Should J&L hedge all of its exposure to diesel fuel for the ensuing year?

Her best guess is that she can sell 300 cups per week at $0.50 per cup
July 30, 2019
What did you learn from this parable that might help you engage in ethical conduct in the workplace?
July 30, 2019

Should J&L hedge all of its exposure to diesel fuel for the ensuing year?

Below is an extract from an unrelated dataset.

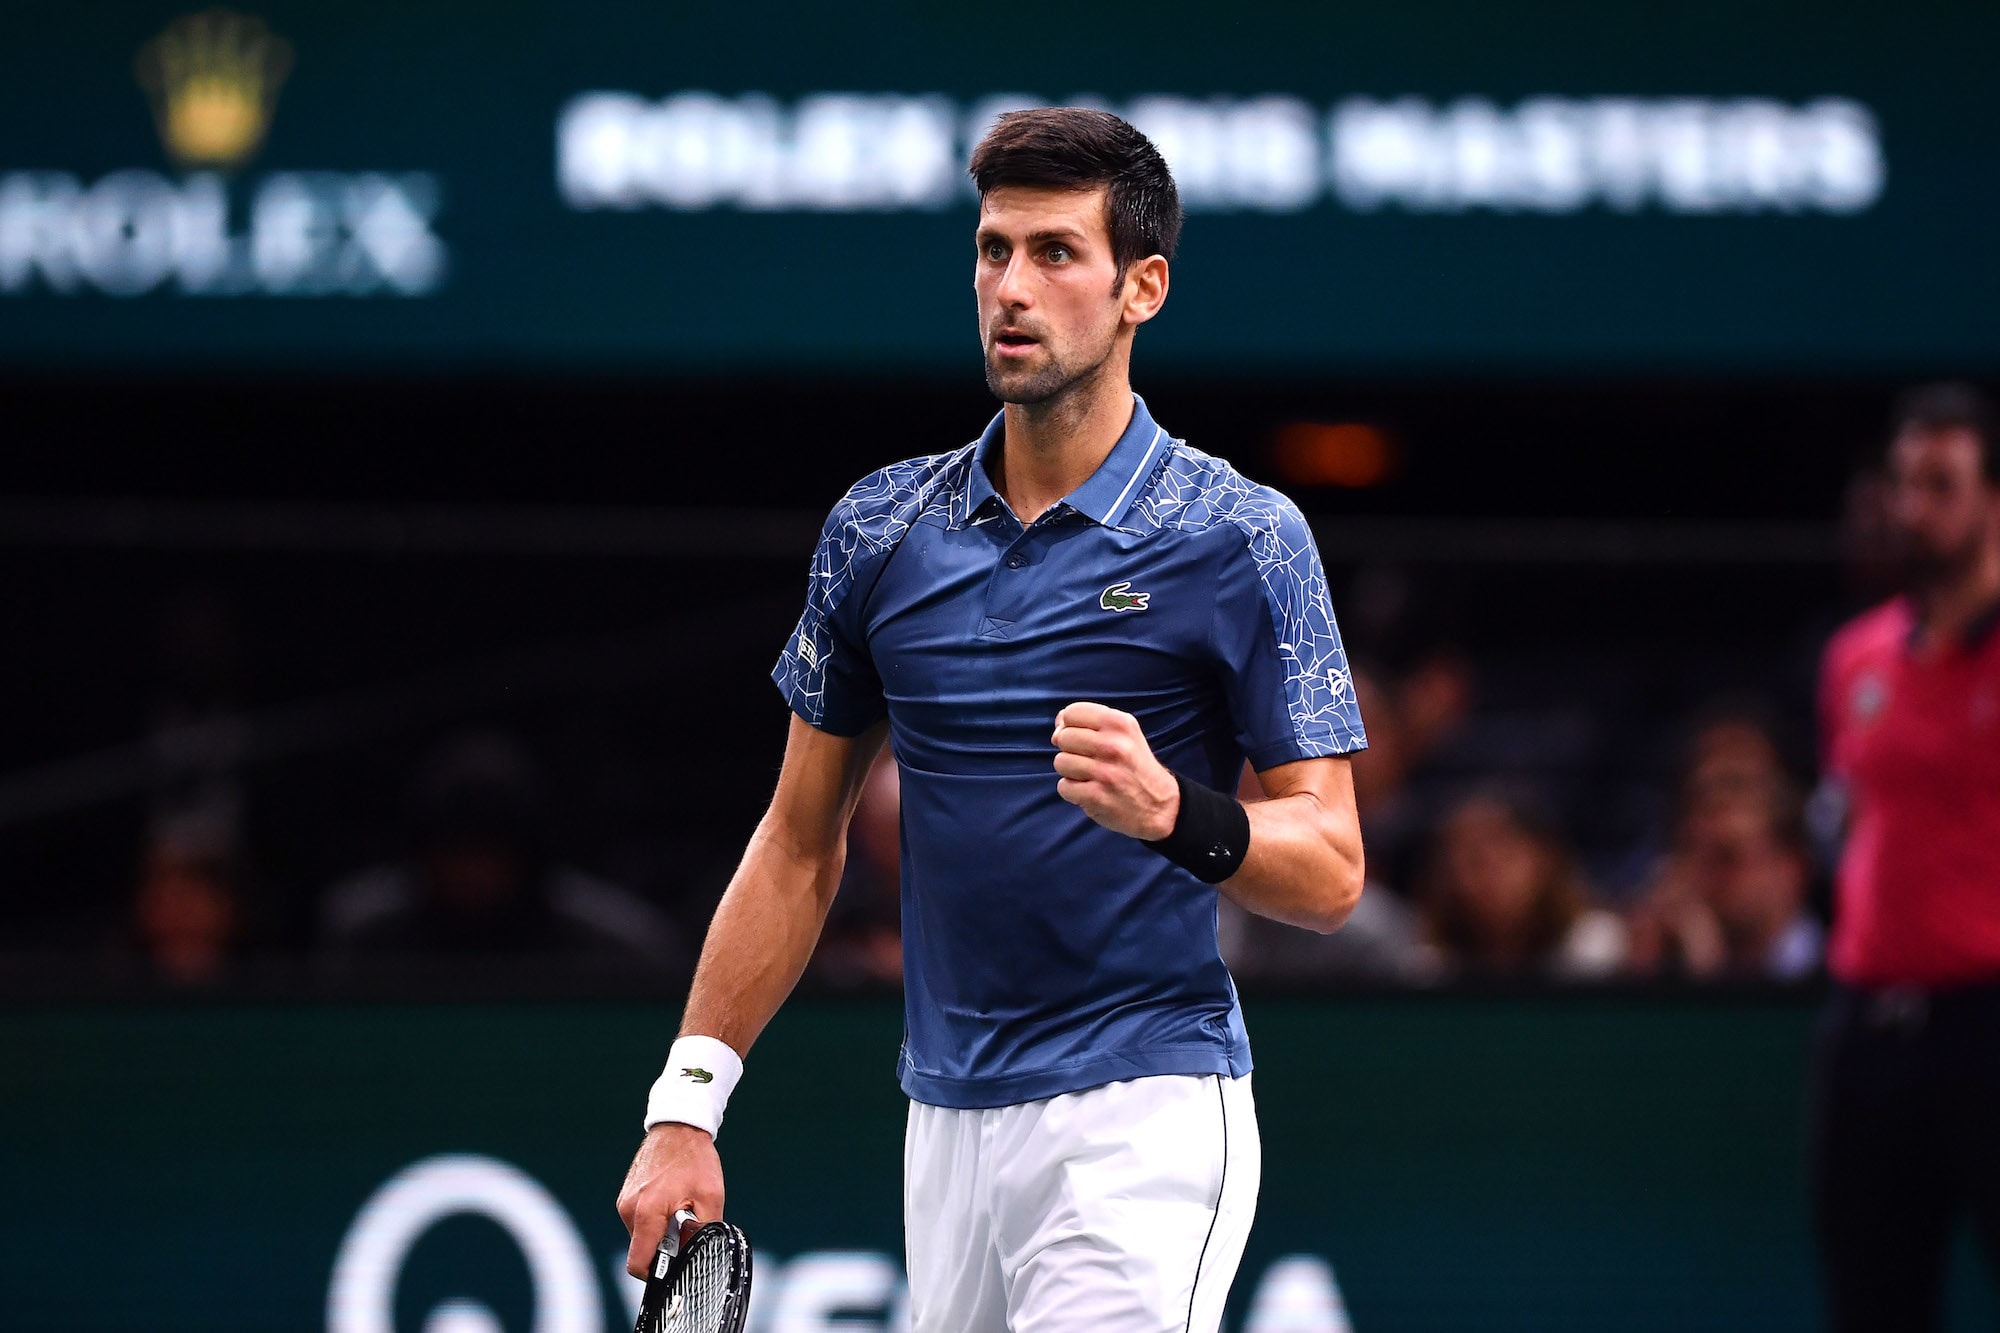 HIGHLIGHTS: Djokovic beats Sousa in Paris to extend win streak to 19

Hedging Strategy for Commodity Risk (J&L Railroad (UVA-F-1053)) Study Questions:
1. Should J&L hedge all of its exposure to diesel fuel for the ensuing year? What percentage of the 210 million gallons would you hedge?
2. What are the pros and cons of using NYMEX contracts versus using the risk-management products offered by KCNB? Is the use of a monthly average price a net advantage or disadvantage to J&L? What about the bank?
3. Using the estimate of 17.5 million gallons per month, how would you construct a futures hedge for the next 12 months? How would you construct a commodity-swap hedge?
4. Should Matthews use a cap as a hedge? What strike price for the cap would you recommend she choose?
5. If Matthews wants to minimize the cost of hedging, should she use a collar? What cap and floor strike prices would you recommend using?
 
Looking for a Similar Assignment? Order now and Get 10% Discount! Use Coupon Code "Newclient"
Buy Custom Nursing Papers

Hi there! Click one of our representatives below and we will get back to you as soon as possible.